Feb. 19 (Bloomberg) -- Slovenian bank assets fell 3.1 billion euros ($4.1 billion) in 2012 as lenders repaid debt while a cut in the country’s credit rating limited funding sources, the central bank said.
Banks paid back 3.6 billion euros of debt on international markets, which accounted for 10 percent of the country’s gross domestic product, Banka Slovenije said in an e-mailed statement today. The industry’s total assets were 46.7 billion euros in November, according to the latest data from the central bank.
“The possibility of debt refinancing was sharply reduced by the uncertain economic and political situation as well as due to investors mistrust toward Slovenian long-term debt,” the central bank said.

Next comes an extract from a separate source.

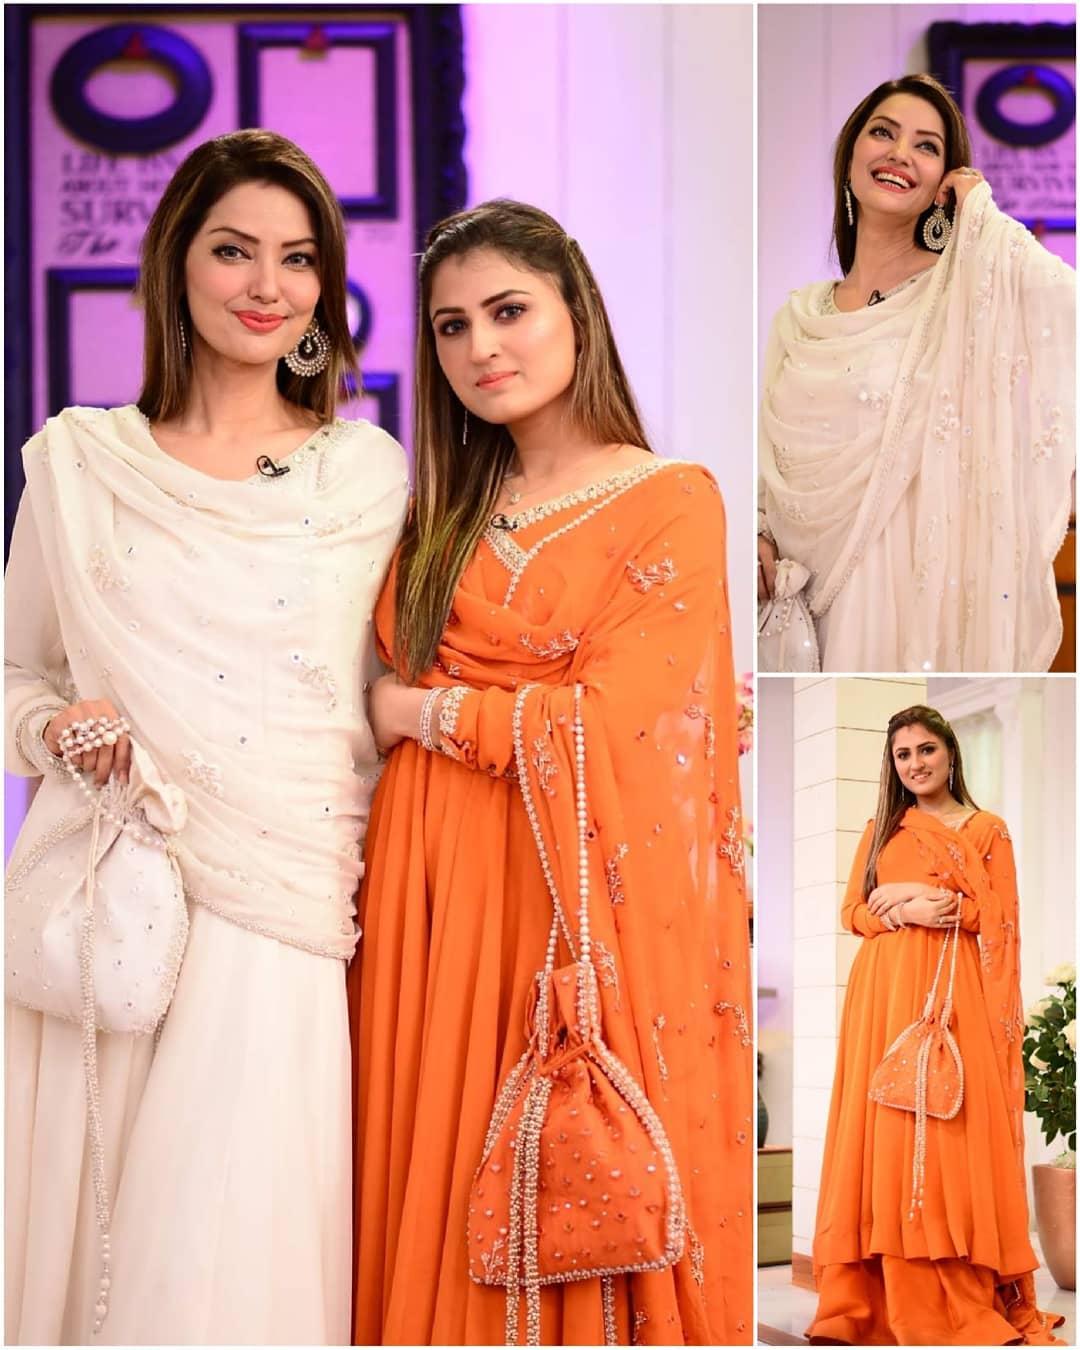 Natasha Hussain with her daughter Tanya Hussain

Slovenian banks’ combined pretax loss was 664 million euros last year, according to the central bank, as the second recession in three years pushed companies into bankruptcy, forcing lenders to set aside bad-loan reserves. The nation’s economy shrank an annual 3.3 percent in the third quarter on lower exports and falling domestic demand.
Slovenia had its credit rating cut to A- by Standard & Poor’s on Feb. 12, the fourth lowest investment grade. Fitch Ratings rates the country as A- and Moody’s Investors Service Baa2, its second lowest investment grade.

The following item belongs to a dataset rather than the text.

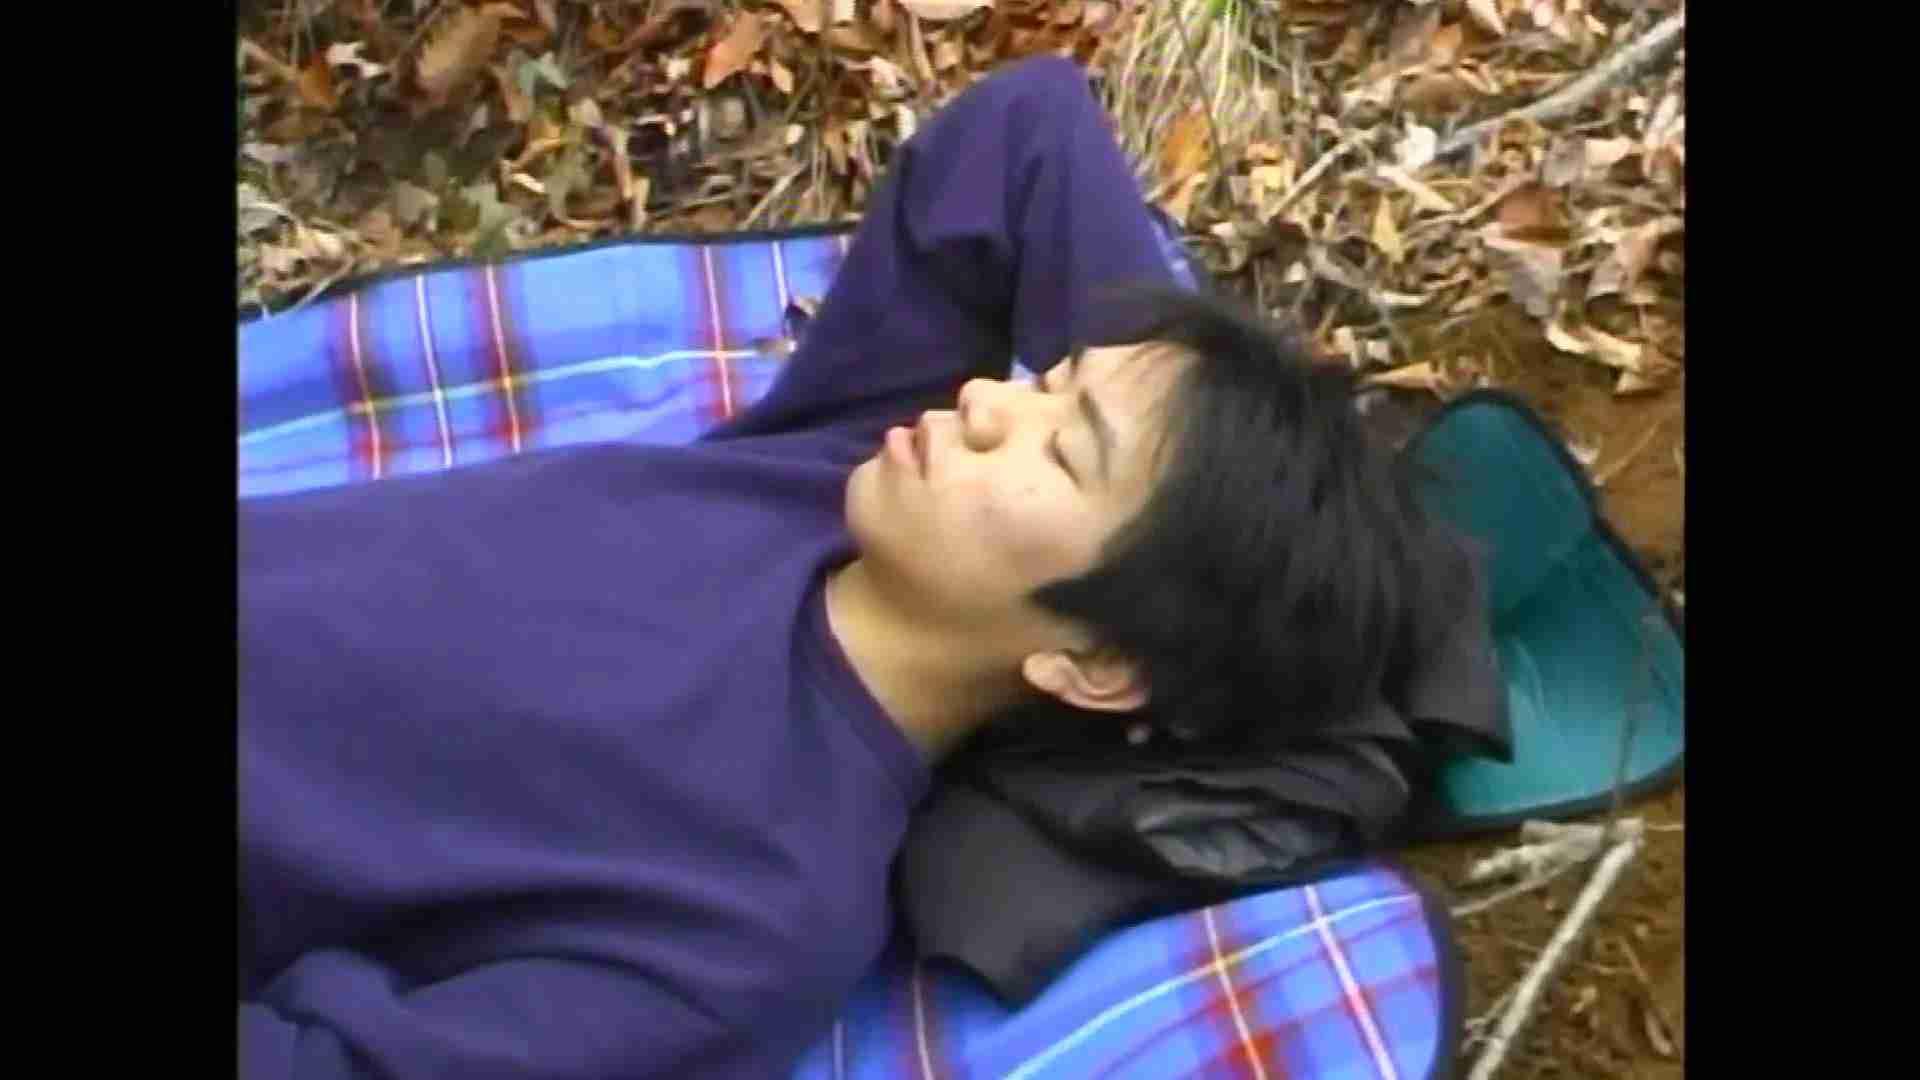 GAYBOY宏のオカズ倉庫Vol.5-3 GAY ゲイフリーエロ画像 59画像 31

The Adriatic country was plunged into political turmoil last month over corruption allegations against Prime Minister Janez Jansa, prompting two of his coalition partners to abandon the government and increasing the risk of early elections.
Reduced sources of funding were also caused by shrinking state deposits at commercial banks, the central bank said.
Asset writedowns and bad-loan provisions last year surged 23 percent to 1.5 billion euros, the central bank said.